Considering the influence of carbon emissions trading, the fuzzy stochastic programming model was established to cut back the total cost of carbon trading balance. Modeling this chain is carried out by accounting for carbon cap-and-trade considerations and total cost optimization. In this paper, we analyze the low-carbon integrated forward/reverse logistics network and made relevant simulation tests. The results show that the changes of the confidence level and carbon emission limits have obvious influences on logistics costs. If the emission limit is large, carbon trading mechanism has little effect on the total logistics cost in the same scenario. Therefore, the government needs to use the appropriate emission limits to guide enterprises to reduce carbon emissions, and enterprises can make coping strategies according to the different limit at the same time. Therefore, the fuzzy random programming model proposed in this paper is practical.
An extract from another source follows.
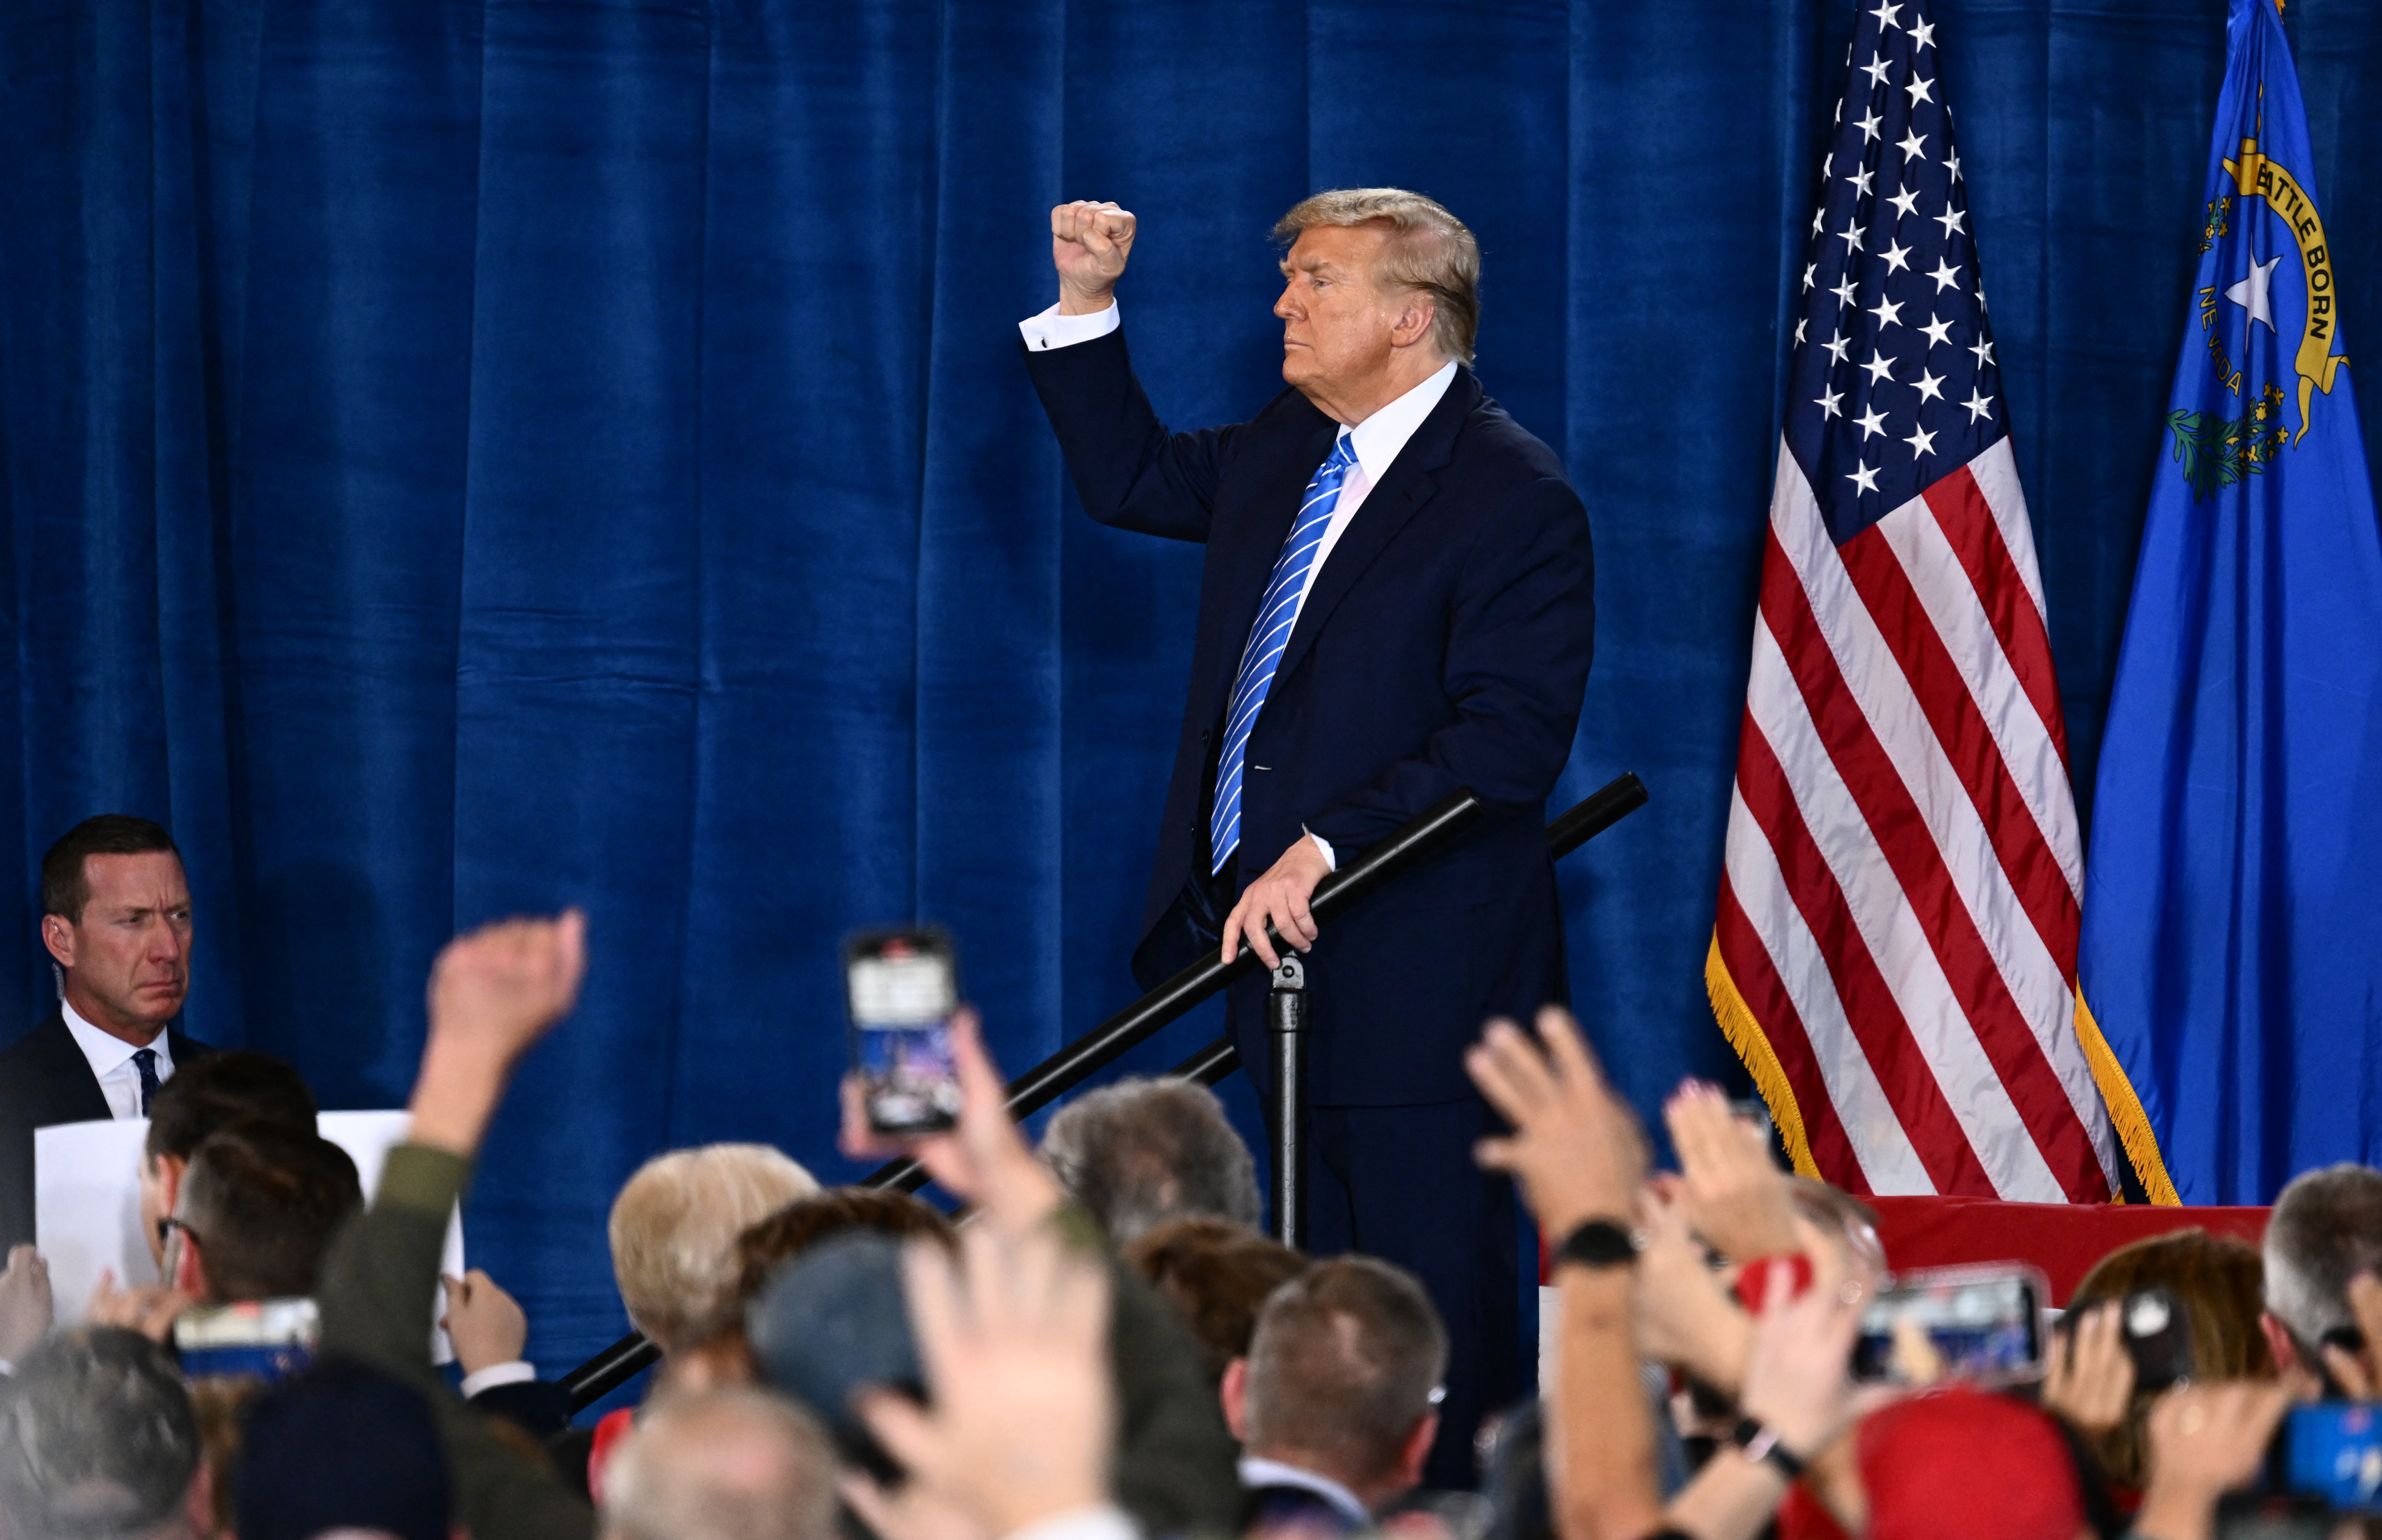 Former President Donald Trump raises his fist after speaking at a rally in Las Vegas on January 27.

Its decision making applying the proposed algorithm is reasonable and applicable and could provide decision basis for enterprise managers.
机译:考虑到碳排放交易的影响,建立了模糊随机编程模型,以减少碳交易余额的总成本。通过核算碳帽和贸易考虑和总成本优化来进行建模该链。在本文中,我们分析了低碳集成前/逆向物流网络并进行了相关的模拟测试。结果表明,置信水平和碳排放限制的变化对物流成本有明显影响。如果排放限制大,碳交易机制对同一情景中的物流成本几乎没有影响。因此,政府需要利用适当的排放限制来指导企业减少碳排放,企业可以根据不同的限制同时造成应对策略。因此,本文提出的模糊随机编程模型实用。它的决策应用所提出的算法是合理且适用的,可以为企业管理者提供决策依据。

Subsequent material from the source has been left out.